After a median follow-up of 14 months, median PFS was 3.9 months
(95%CI [2.6;8.1]) for masitinib vs 3.8 months [1.9;11] for sunitinib. Of
those patients progressing under masitinib, 88% received sunitinib in third
line. Median OS was not reached (NR) (95%CI [21;NR]) for masitinib vs 15
months [9.4;22] for sunitinib. The 18-month and 24-month OS rates for
masitinib vs sunitinib were 79% (95%CI [53;92]) vs 20% [1.5;55], and
53% (95%CI [9.5;84]) vs 0%, respectively. Similar results were seen in
the exon 11 subpopulation with median OS for masitinib NR (95%CI
[NR;NR]) vs 15 months [9.6;22] for sunitinib. The safety profile of
masitinib was better than sunitinib with a lower occurrence of severe
related adverse events (AEs) (17% vs 52%) and related AEs leading to
discontinuation (0% vs 9.5%).
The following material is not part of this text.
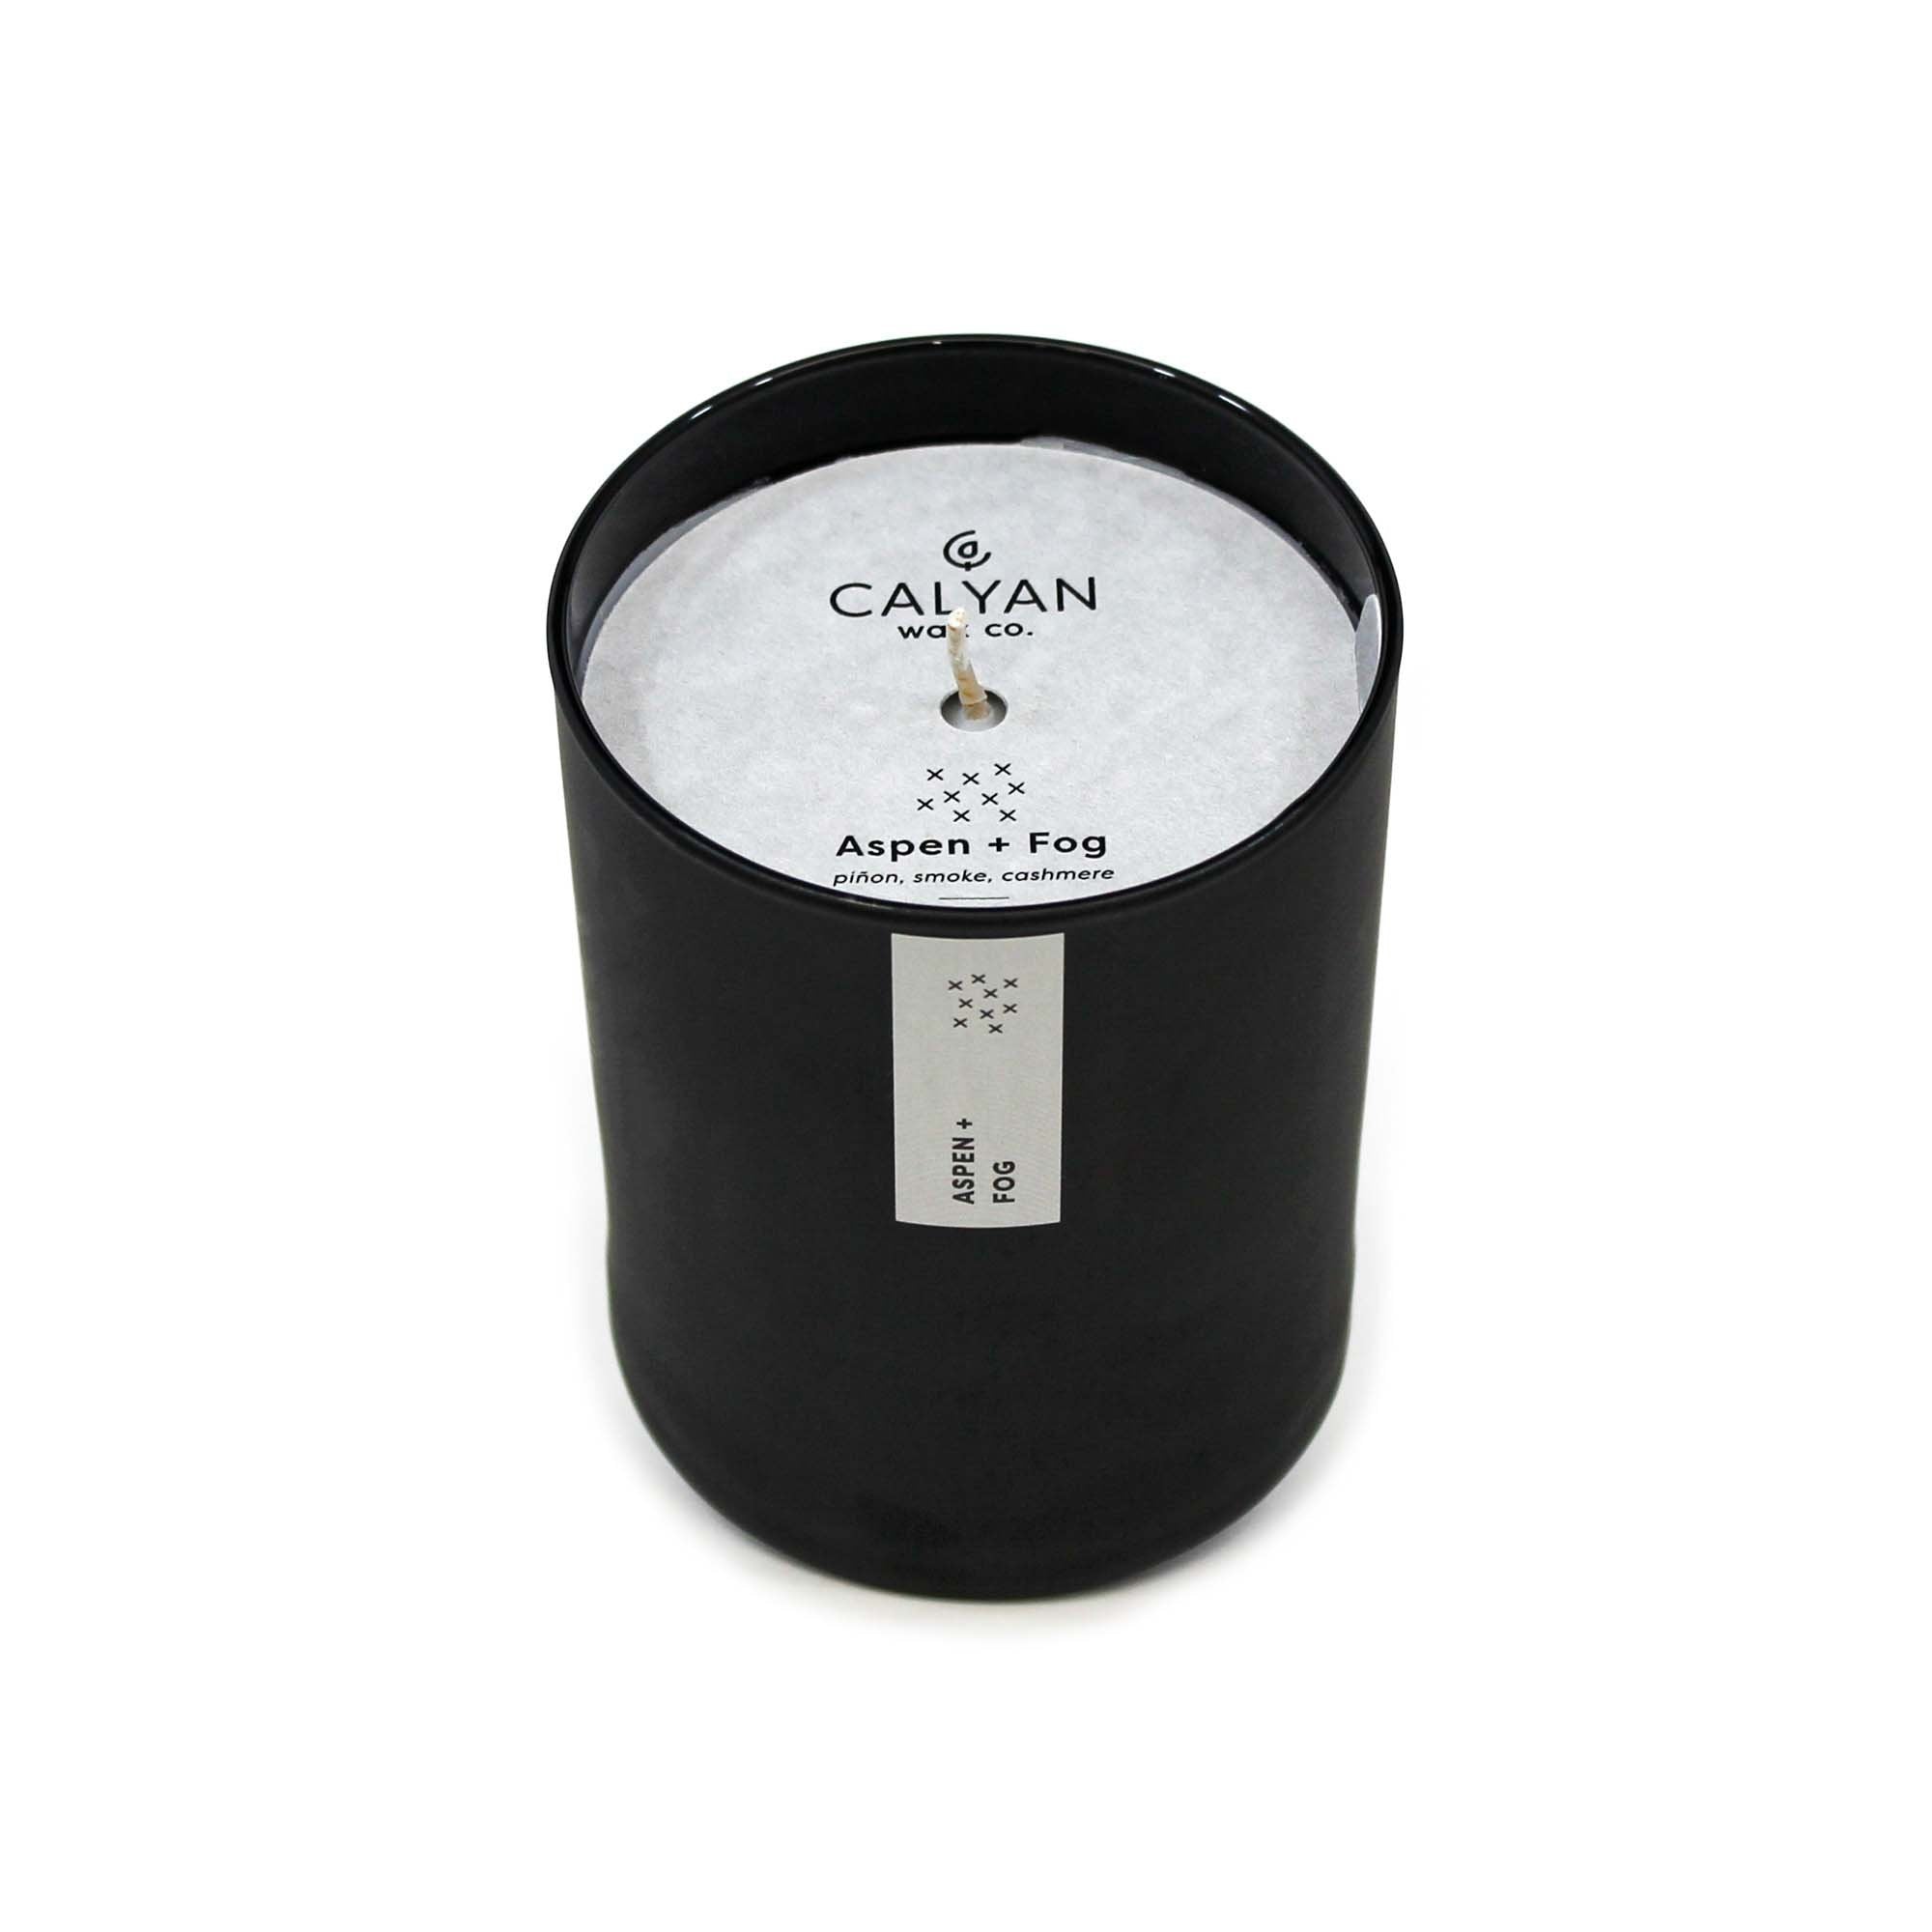 Black matte glass tumbler candle Aspen + Fog fragrance from Calyan Wax Company
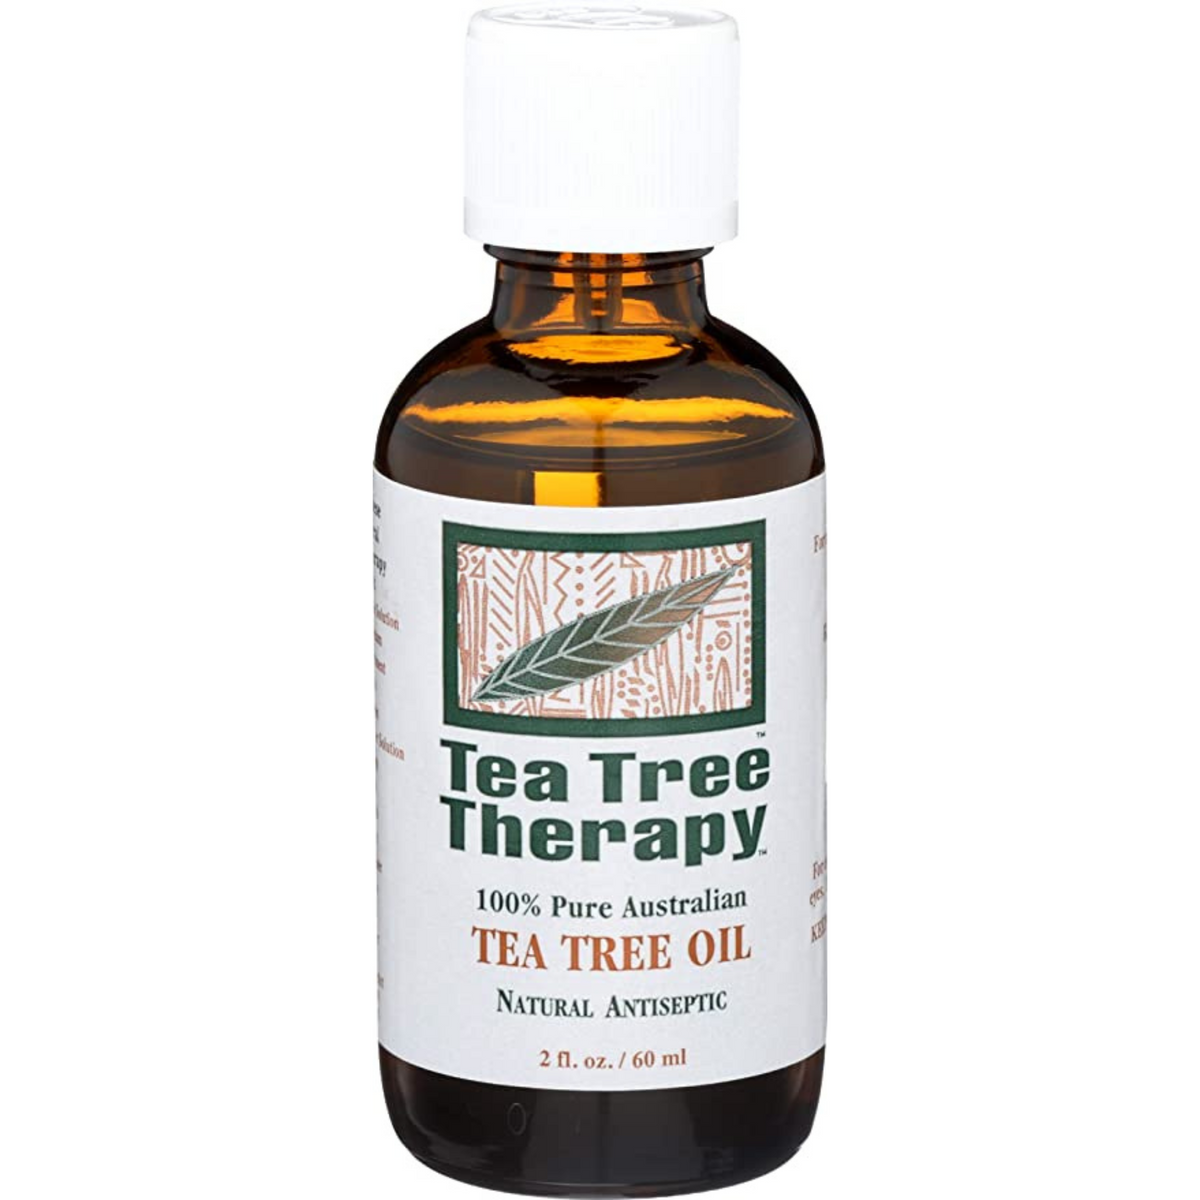 Primary Image of Tea Tree Therapy Tea Tree Oil (2.0 fl oz)

In masitinib treated patients, nausea,
diarrhea and asthenia were the most common related AEs. Conclusions:
Although PFS curves looked similar, this study apparently showed a longer
survival in the masitinib treatment-arm with a better safety profile than
sunitinib. Masitinib may potentially offer patients a new active compound
for advanced GIST in the second-line setting.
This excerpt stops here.